Having amassed a fortune (one of the wealthiest ‘nabobs’ contemporary rumours stated that he returned with £400,000), Barwell retired to Sussex and purchased Stanstead Park as his main seat.[2] He purchased additional land and property in this area as well as a house in St. James' Square, London. He became MP for Helston 1781-1784, St. Ives 1784-1790 and Fort Winchelsea 1790-1796.

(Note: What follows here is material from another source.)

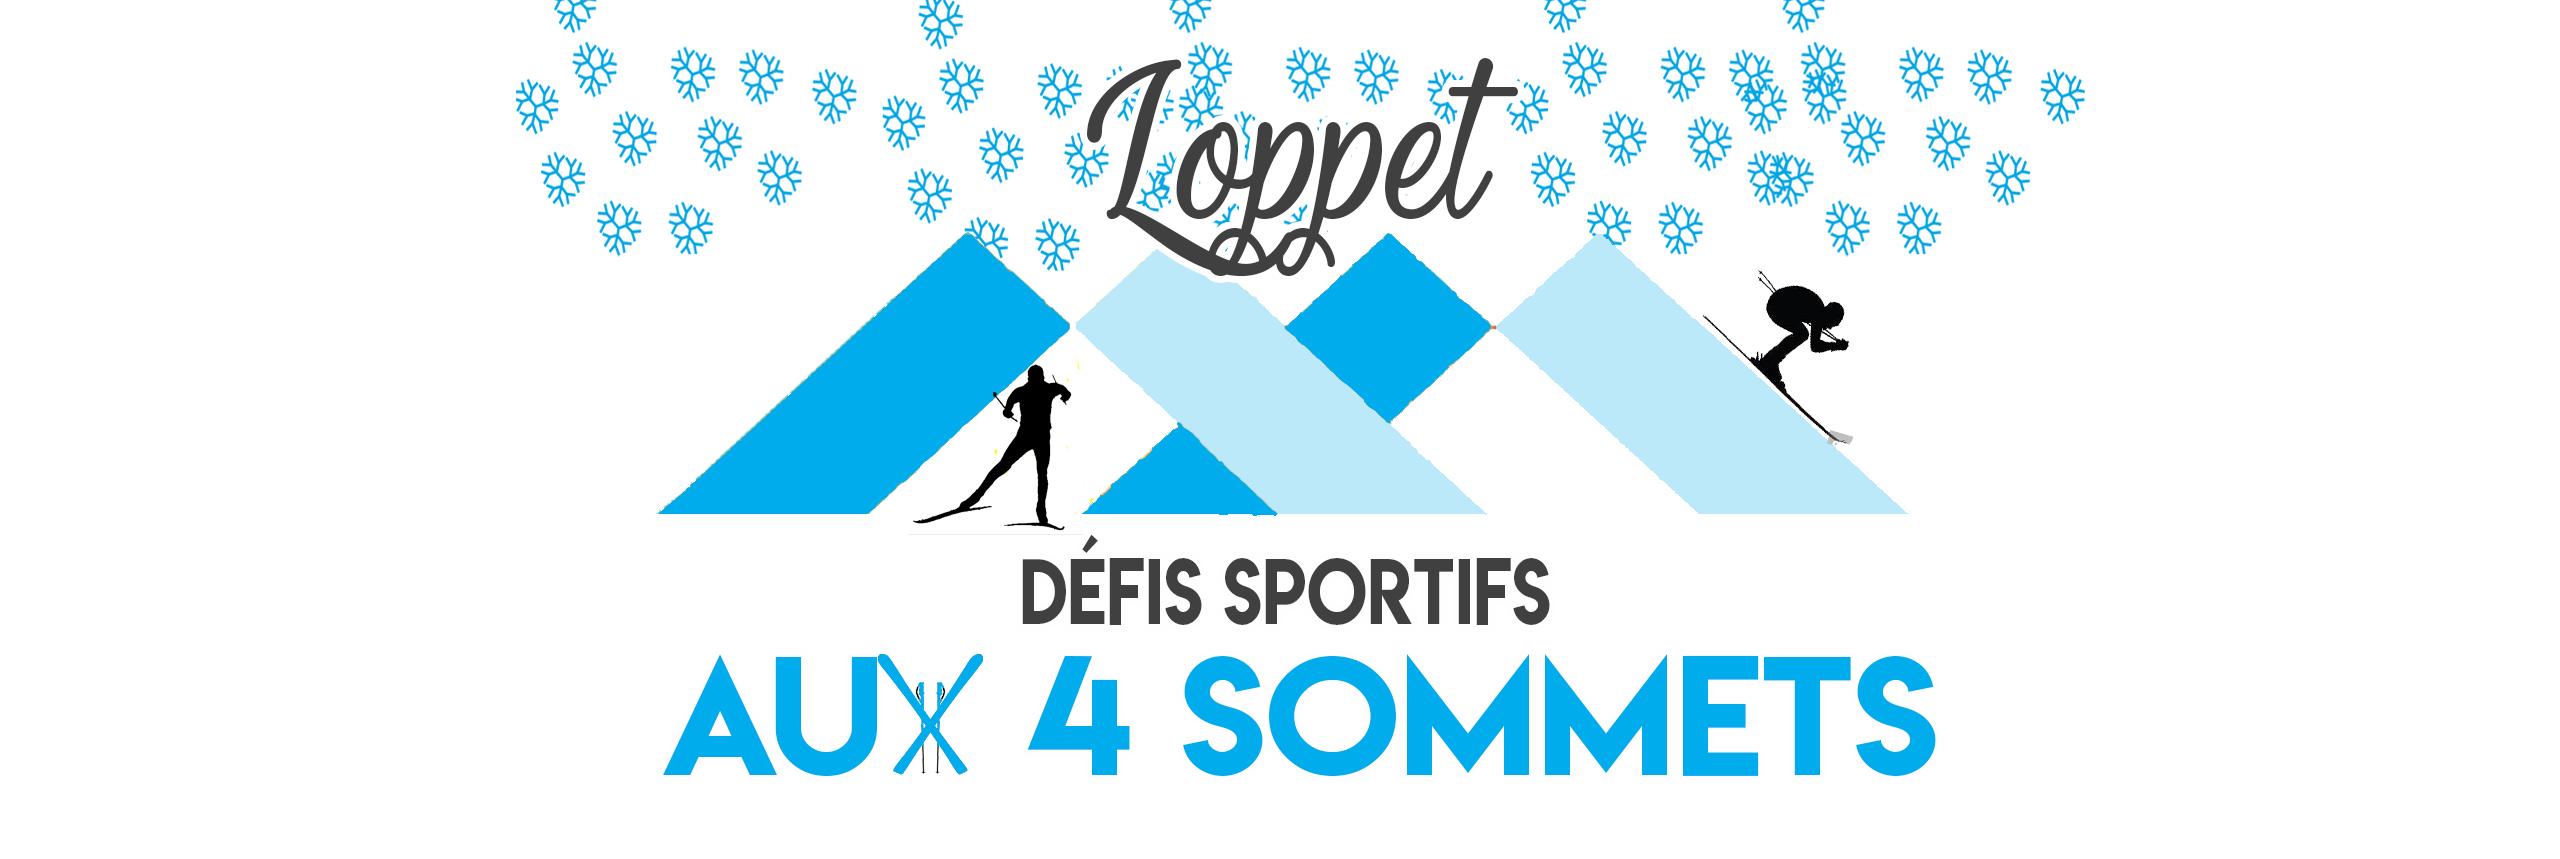 https://www.aux4sommets.com/wp-content/uploads/2014/05/logo-upload-fini.png
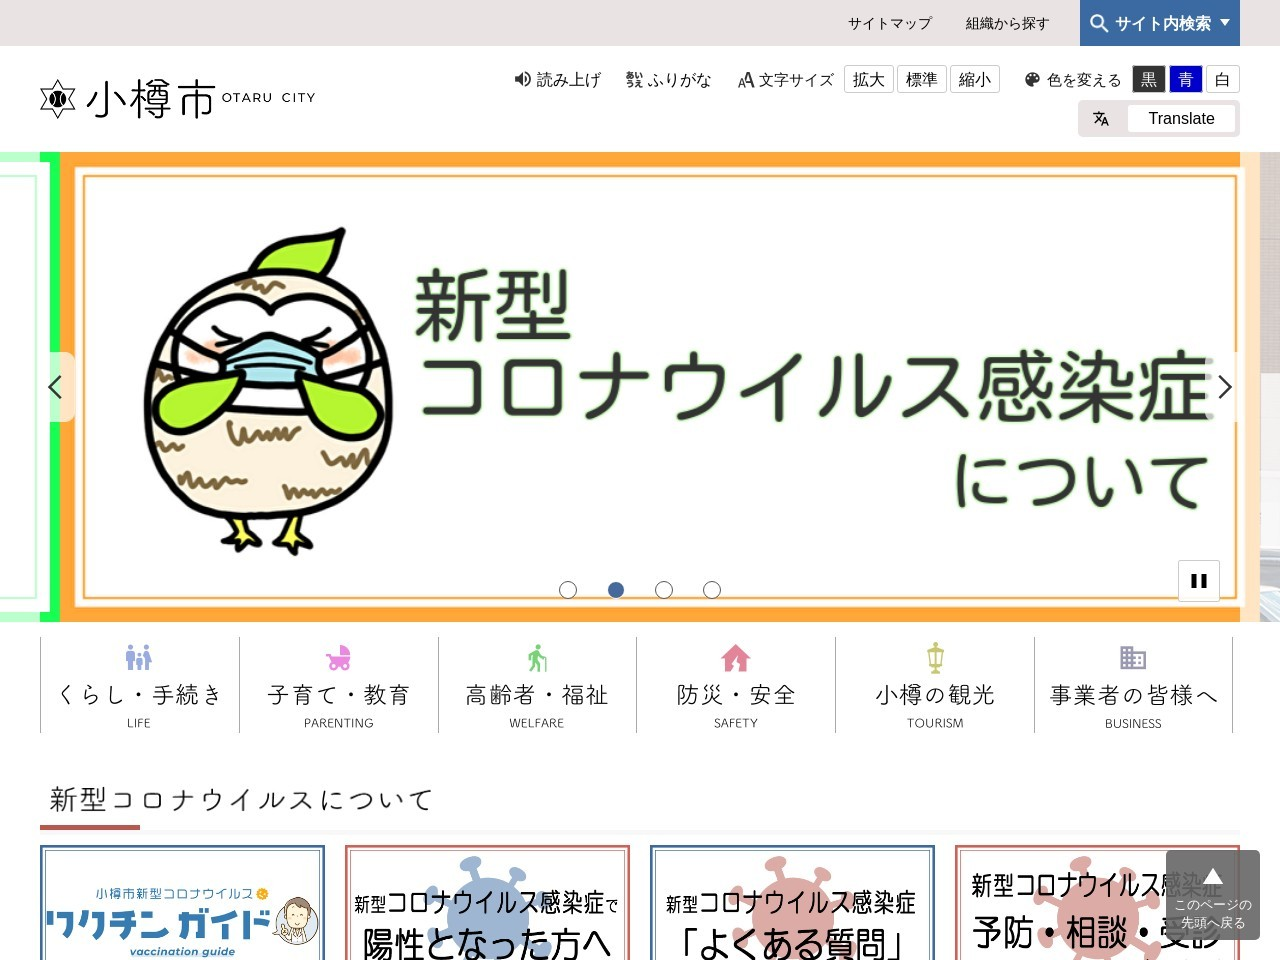 https://www.city.otaru.lg.jp/simin/kokuho_nenkin/zei/nouzei/nouzei_koubai.html

This portrait by the brilliant and prolific artist George Engleheart capture’s Barwell’s ‘easy and pleasant’ disposition, giving the sitter a slight smile.[3] The miniature may have been painted the year after he married his second wife, Catherine Coffin of Boston, Massachusetts (a ‘Capt’ Barwell is recorded in Engleheart’s fee book of 1786). It seems from a contemporary description of the wedding that Barwell’s new wife was extremely young (he was 44 at the year of their marriage); ‘While I was at Uppark a marriage took place near there that surprized most people. Mr. Barwell, the great East Indian of Stansted, to Miss Coffin, a very pretty little girl not 16, of American extraction.’ [4]

Barwell had ten children with his second wife and two with his first (Elizabeth Sanderson, who had died of fever in India at the age of twenty-three). He was also well-known for keeping a mistress, Rebecca Lyne, with whom he had four children. The same observer notes ‘he kept a very beautiful mistress close to his park, by whom he has several children, and till very lately he declared most strongly against matrimony. He seems a good-natured man, but the mogul prevails strongly, I think, in his way of life and conversation.’.[5] Rebecca was immortalised in a painting by Sir Joshua Reynolds, entitled ‘Mrs Seaforth and child’ (dated 1787), now in the Lady Lever Art Gallery (Port Sunlight). Barwell himself was painted by Reynolds, who had taught Engleheart, in his library, with his eldest son, also called Richard.[6]


[1] Published anonymously, the author was later revealed as Henry F. Thompson.

[2] Bought from the earl of Halifax for £102,500 in 1781

[3] L. Sulivan, 6 Jan. 1780, Bodl. ms. Eng, Hist. C271, f. 37.

[4] Dear Miss Heber, ed. Bamford, 18.

[5] Ibid.

[6] J. Reynolds, oils, 1780–81; Christies, 17 April 1964, lot 48.